Agama yang dipandang sebelah mata oleh siswa, hanya karena mereka belum
memahami secara mendalam tentang ajaran agama yang sesungguhnya. Jika kita ingin
mengetahui sesuatu di dalam kepercayaan dan keyakinan agama, maka tentunya kita
harus mempelajarinya. Selain belajar melalui guru di sekolah, dan keseharian di
rumah, kita juga bisa mendapatkan pemahaman agama dari para ahli agama atau
pemangku dan atau pedanda.
Dalam kajian filsafat pendidikan, menurut saya juga bahwa seorang siswa harus
mempelajari agama karena, ia akan membahas dan mempelajari berbagai jenis
pertanyaan yang berbeda mengenai agama. Pertama-tama misalnya saja ada
kemungkinan siswa akan bertanya: Apakah agama itu? Apakah yang dimaksud
dengan istilah “Sang Hyang Widhi” itu? Apakah bukti-bukti tentang adanya Tuhan itu
sehat menurut logika? Bagaimanakah cara kita mengetahui Tuhan? Apakah makna
“eksistensi” bila istilah ini dipergunakan dalam hubungannya dengan Tuhan?
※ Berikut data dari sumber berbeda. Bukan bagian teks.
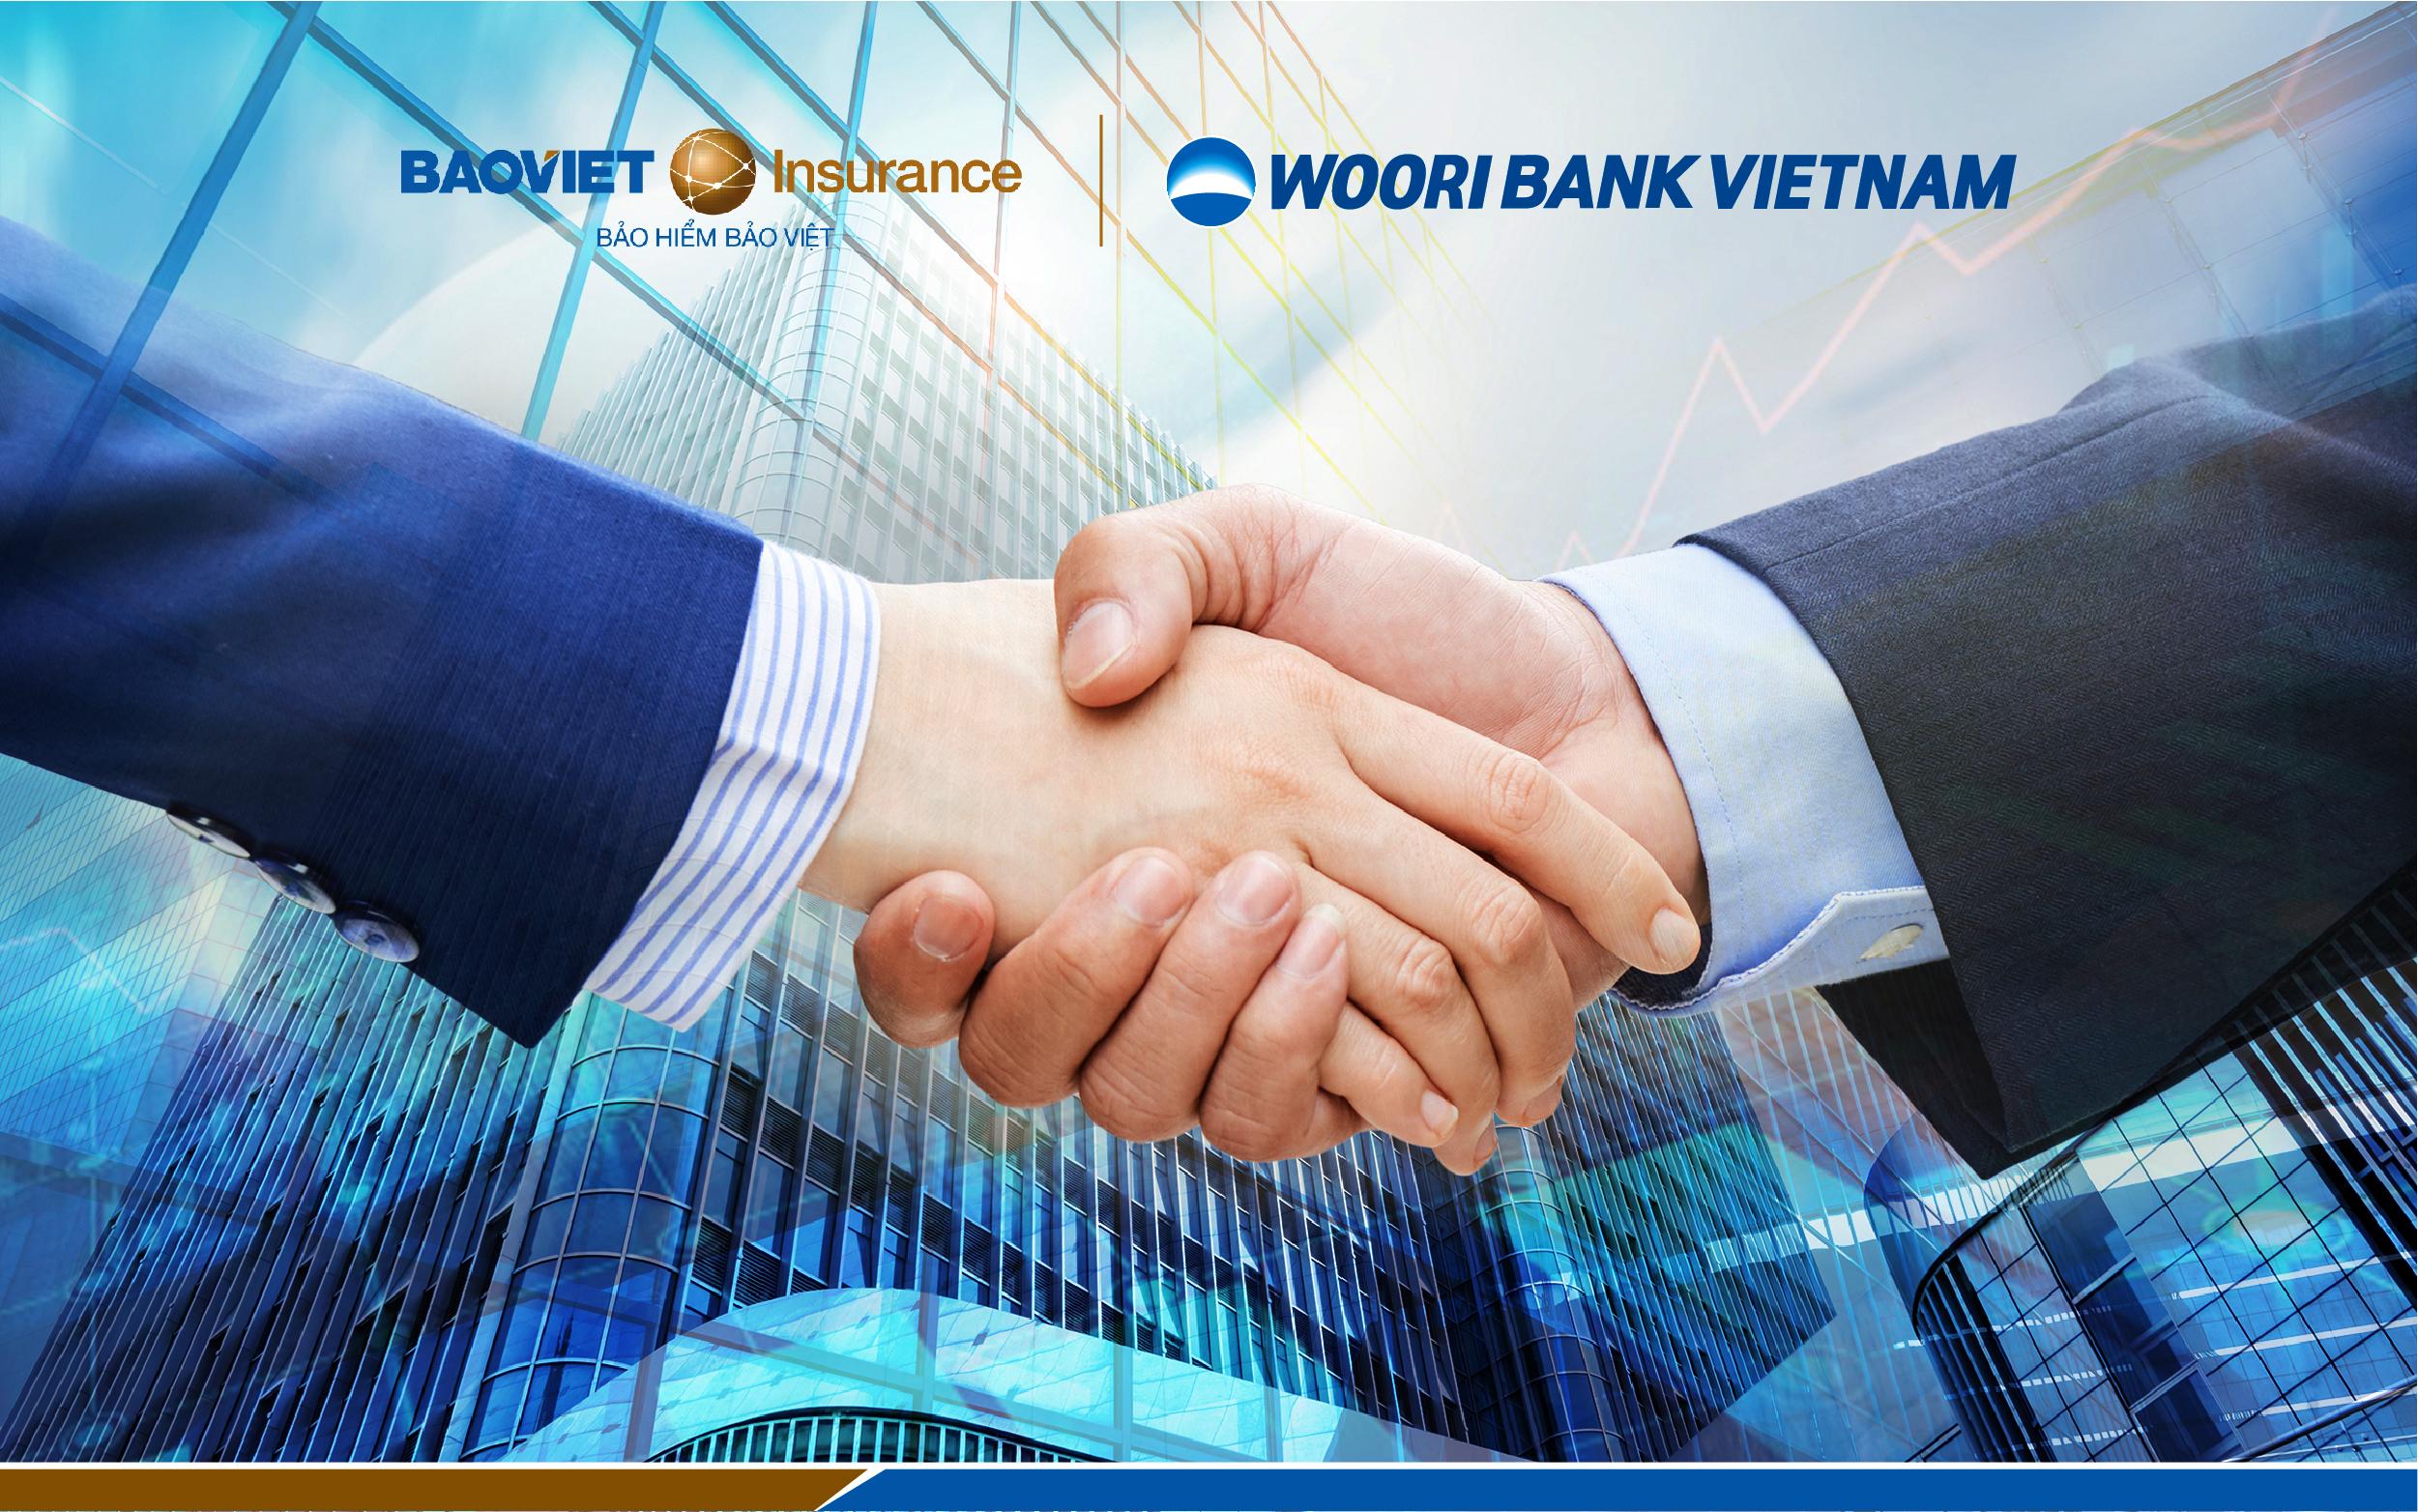 Bảo hiểm Bảo Việt bắt tay cùng Woori Bank
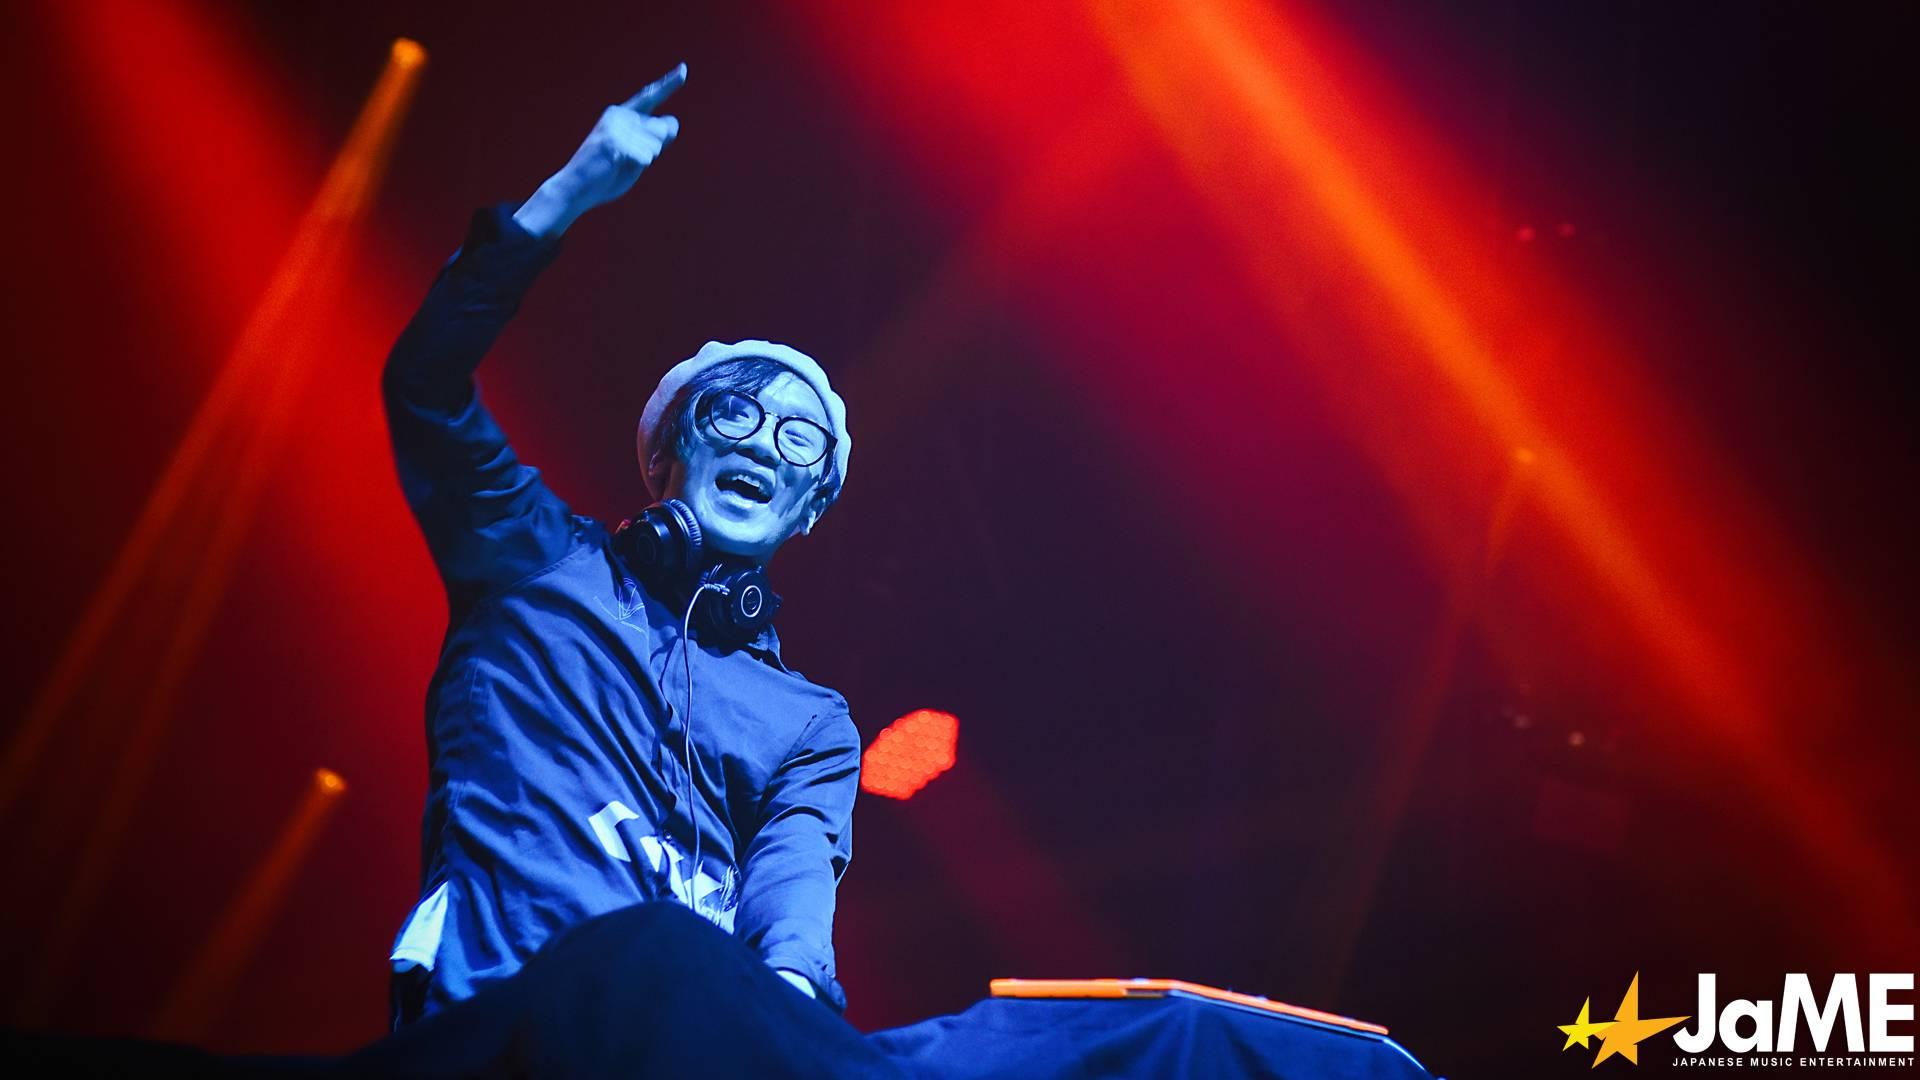 DJ Gettsu von EXIT TUNES auf der Bühne

Filsafat pendidikan agama tentu tidak berkepentingan dengan apa yang orang yakini
dan percayai, tetapi kepada makna istilah-istilah yang dipergunakan, keruntutan di
antara kepercayaan-kepercayaan, bahan-bahan bukti bagi kepercayaan, dan hubungan
antara kepercayaan agama dengan kepercayaan-kepercayaan yang lain. Yang erat
hubungannya dengan kepercayaan agama adalah kepercayaan mengenai keabadian
hidup, meskipun masalah ini tidak monopoli milik agama, tetapi merupakan masalah
terpenting bagi penganut-penganutnya. Hal inilah yang kemudian menjawab
tantangan bahwa pelajaran agama di sekolah menjadi sangat penting untuk diajarkan,
agar siswa dapat memahami jati dirinya secara utuh dan menyeluruh. Serta bagaimana
seorang siswa untuk terus mampu bersyukur, menghargai perbedaan, dan mampu
meyaikini akan keberadaan Tuhan itu sendiri.